This year marks the second ever offering of Dragonwell Black Tea, moving it from experiment to canon. Let’s stop and reflect on just how momentous this is, not just for our partner Li Xiaoping, or Dragonwell Village – the place that she calls home, but for Chinese tea culture as a whole. Dragonwell is one of the most famous growing regions in the world, and Shi Feng (Lion’s Peak), where Li Xiaoping grows her tea is the most famous microclimate within Dragonwell.
Fame in a tea growing region brings success and freedom, but also a kind of weight. This weight is the pressure of tradition and critical acclaim to keep doing the same thing. Dragonwell rose to fame when Emperor Qianlong proclaimed it the best green tea in the world. Since then, the region has focused on its signature flat-pressed early spring harvests, working to preserve the flavor and form that brought success to the region.
This pattern has been largely uninterrupted for hundreds of years. Dragonwell is a marker of sorts in tea. Other regions look to reproduce its success, closely watching the work of community leaders like Li Xiaoping and her family. While a farmer or workshop outside of Shi Feng might feel free to take a risk and dedicate some of their harvest to something other than Dragonwell green tea, the pressure to “live up” to history in Shi Feng is intense, and the cultural and economic motivation to change that pattern of success is less than none.
To see Li Xiaoping, one of the most respected tea farmers in Shi Feng, devote a portion of her harvest to black tea as an experiment, and then choose to continue that tradition forward is a break from tradition, a potential watershed moment in inspiring innovation in Dragonwell and far beyond.
Yet, this innovation has an important precedent –
an
inspiration coming from about as far away a tea growing region
as
you could find in China:
Laoshan Village.
Laoshan’s history of tea making is far shorter and more modern than Dragonwell, but they have gone down a similar (if accelerated) path. The He Family worked to make a name for Laoshan by honing a perfectly refined and critically-acclaimed green tea.
Then, several years ago, they took a big leap and finished the same leaves as a black tea. Laoshan Black became an instant success, and the motivation the He Family needed to branch out into further experienments with oolongs, herbals and beyond.

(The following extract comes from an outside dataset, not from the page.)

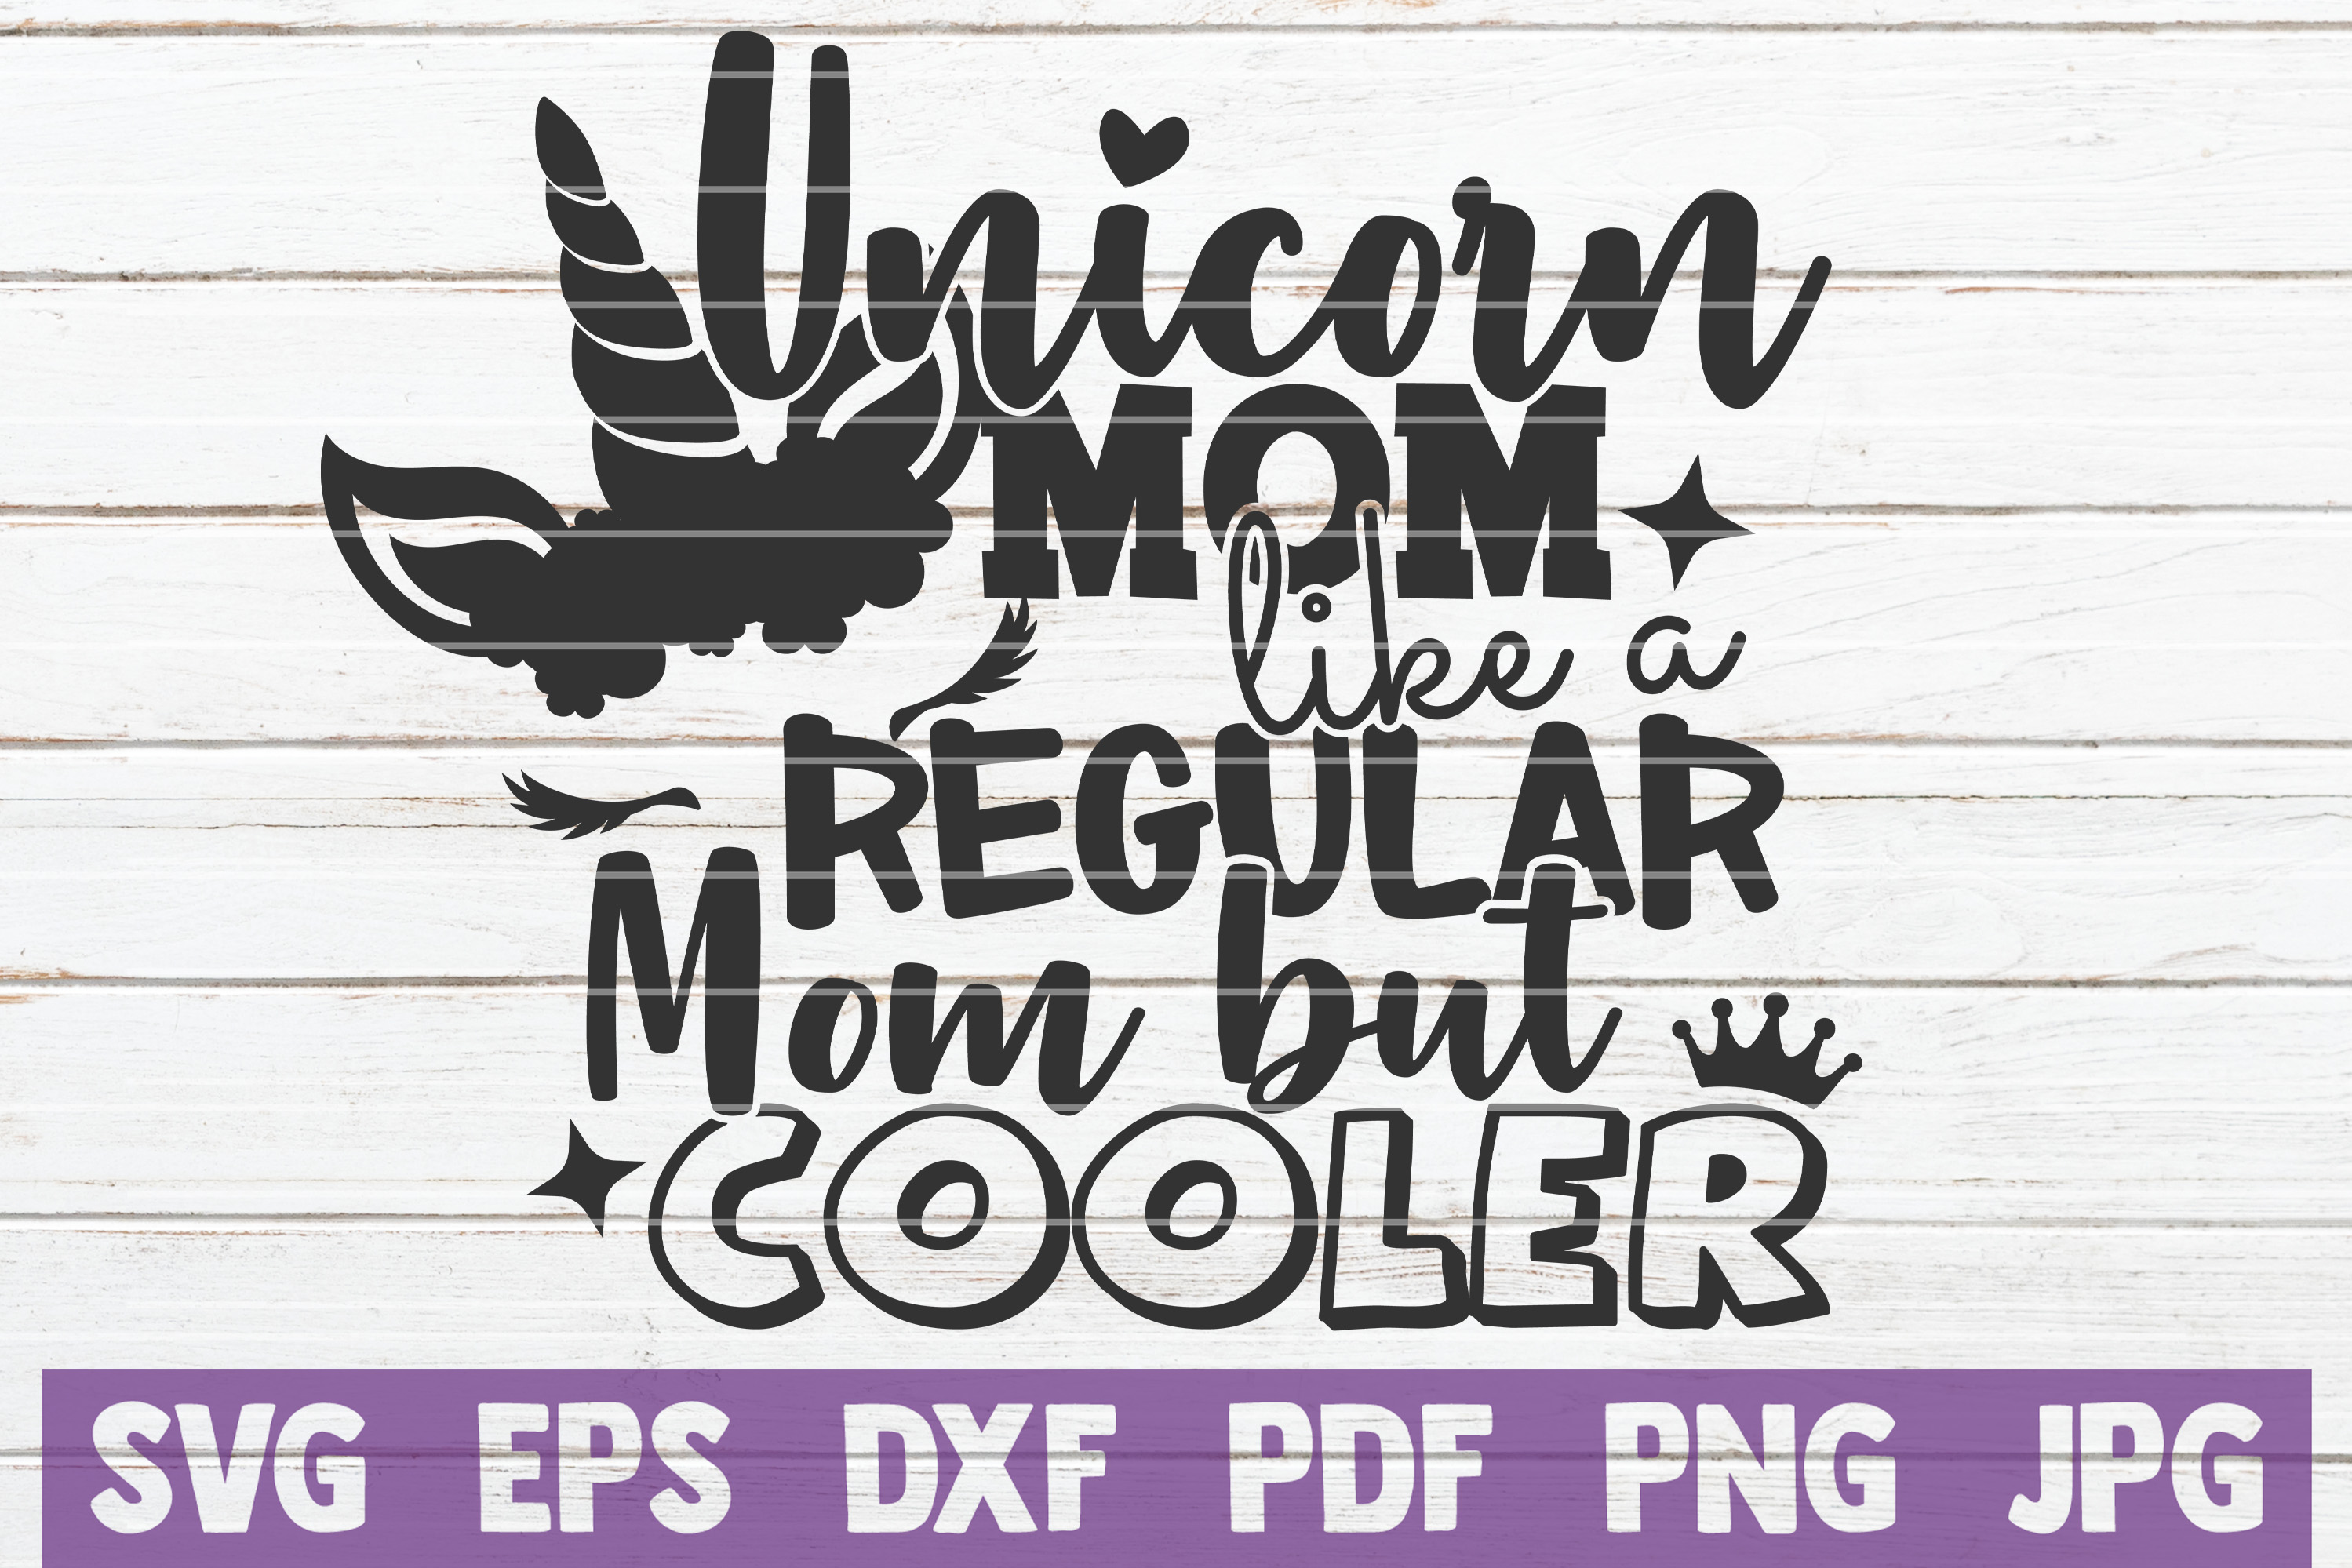 Download Unicorn Mom Like a Regular Mom But Cooler SVG Cut File

But why would Li Xiaoping in Dragonwell
be interested in
what our partners in Laoshan are doing?
And why would the
He Family’s success
influence the Li Family’s work?
In fact, the two villages
share a deep ancestral bond.
While the first tea grown commercially in Laoshan was planted in living memory, the history of tea in Laoshan goes back hundreds of years. Laoshan’s Taoist monks brought tea plants from Dragonwell back to Taiqing Temple and carefully nurtured these plants in the temple courtyard. Dragonwell’s original landrace cultivar varietal, known as Longjing Qunti, was in this way the very first tea planted in Laoshan. While the weather was much colder than ideal, the monks cared for their tea bushes, covering them in the winter and tending them for years. Over time, generations of tea plants adapted to the cold weather and Laoshan’s unique climate.
Most tea plants in Laoshan Village (and every plant in the He Family’s fields) can be traced back to the original bushes in Taiqing temple, as cuttings and seedlings from the temple were introduced to the area in the 1960’s, grown particularly successfully by the He Family and their neighbors in the early days.

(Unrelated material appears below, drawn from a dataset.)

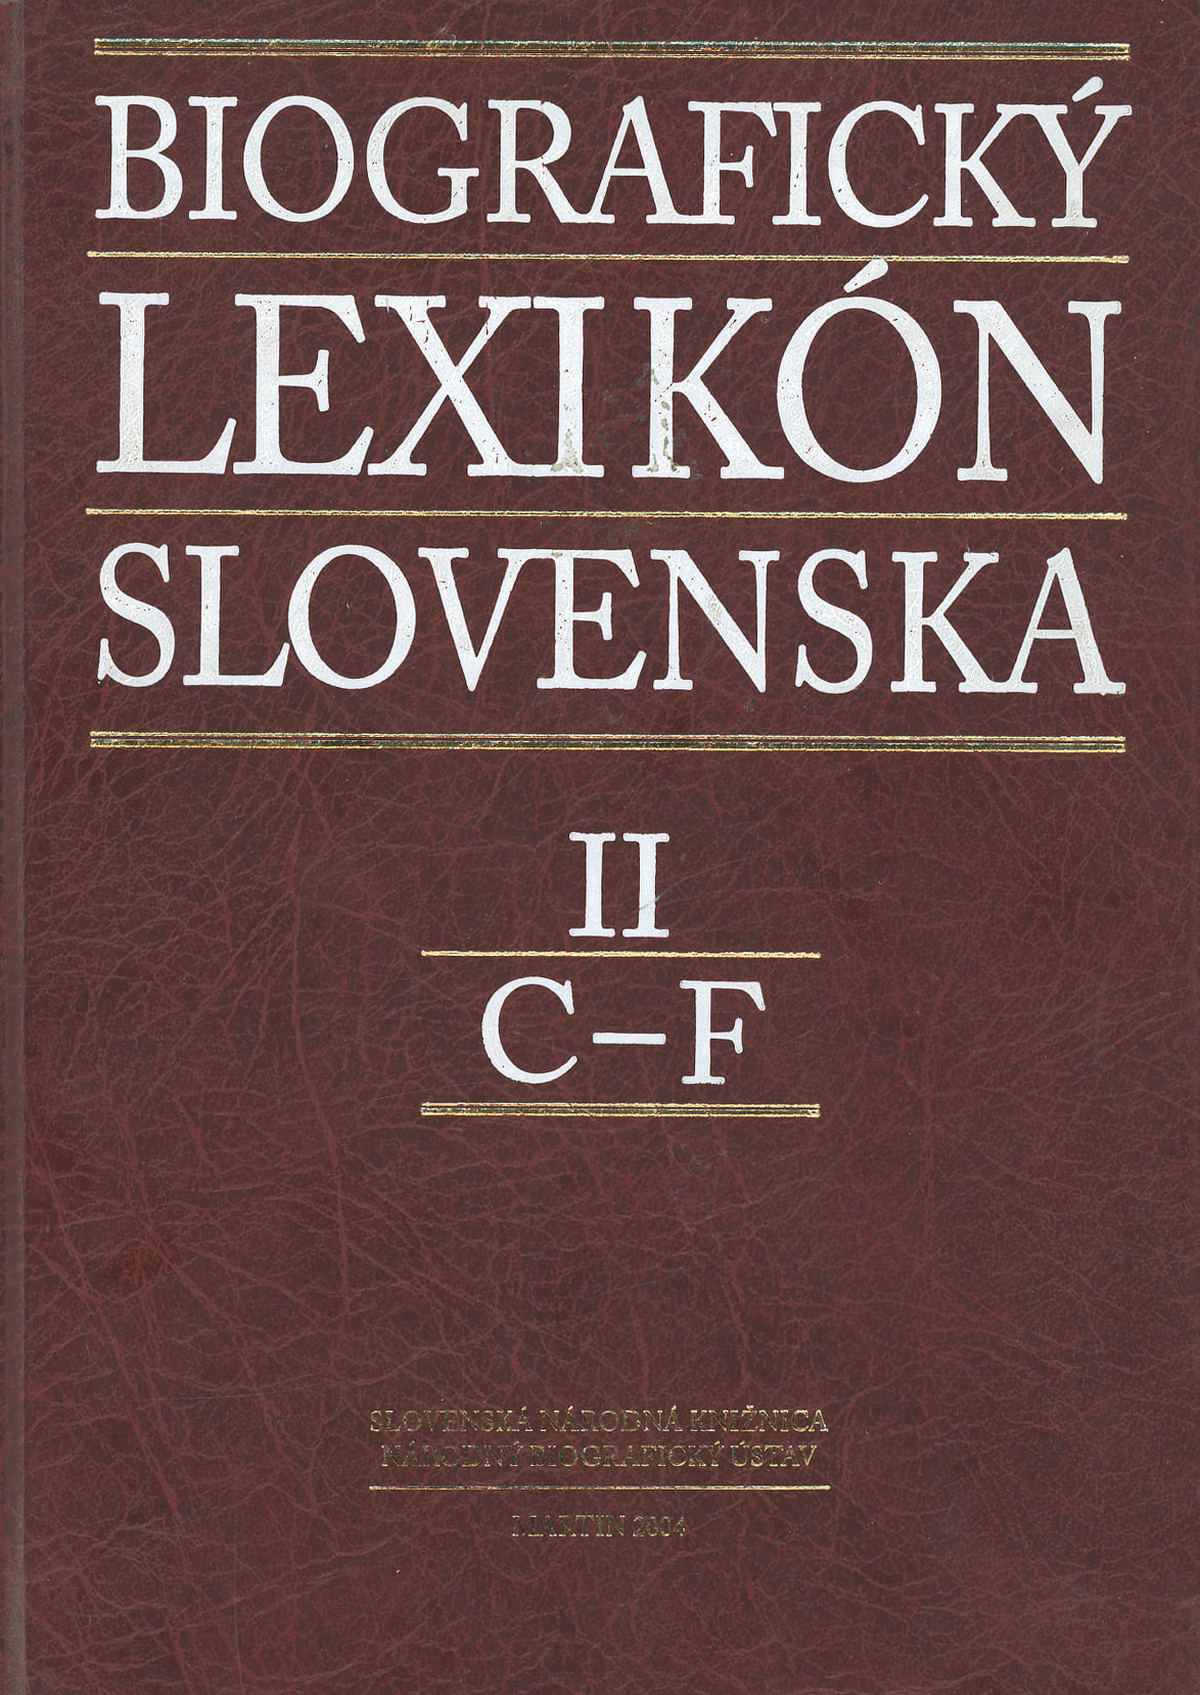 Biografický lexikón Slovenska II. (C - F)

In fact, Mr. He’s father received his first tea plants from the Taoist monks of Taiqing temple themselves during land reform when temple land was divided up to the people of Laoshan.
If you go back far enough,
Dragonwell and Laoshan tea
come from the same ancestors,
and are still considered
the same cultivar.
In fact, if you taste the early season flat-pressed Laoshan Green and Li Xiaoping’s Dragonwell green, they both exhibit a similar green bean flavor, deep sweetness and herbaceous undertones.
If the He Family can use
Longjing Qunti to make black tea,
then why not
Li Xiaoping?
If you’ve tasted the He Family’s famous Laoshan black, well-known for its rich sweet chocolatey flavor, then it would be all the more thrilling to try Li Xiaoping’s Dragonwell Black to better understand what is inherent to the cultivar itself in the taste experience compared to what is coming from terroir and the choices of the tea master in their agriculture and finishing.
Li Xiaoping’s Dragonwell Black is oxidized in the sun using traditional techniques and carefully hand finished. The result is a tea whose chocolate and malt is unmistakeably related to Laoshan Black- a portrait of Longjing Qunti, the ancestral cultivar that makes both teas what they are – and a celebration of their differences, from the crisp and distinct minerality that is all Dragonwell terroir to the choices made in finishing for roast levels and shaping.
Comparing these teas from Dragonwell and Laoshan – both green and black – is a meditation on the idea of Tian Di Ren (sky, earth and human – or weather, terroir, and craftsperson) – Master Zhang’s explanation of what shapes a tea into what you enjoy in the cup.
Taken together, the final effect a good reminder that good tea goes beyond varietal and stock. It is a rarity that can only come about in perfectly balanced ecosystem when in the hands of deliberate and masterful craftspeople.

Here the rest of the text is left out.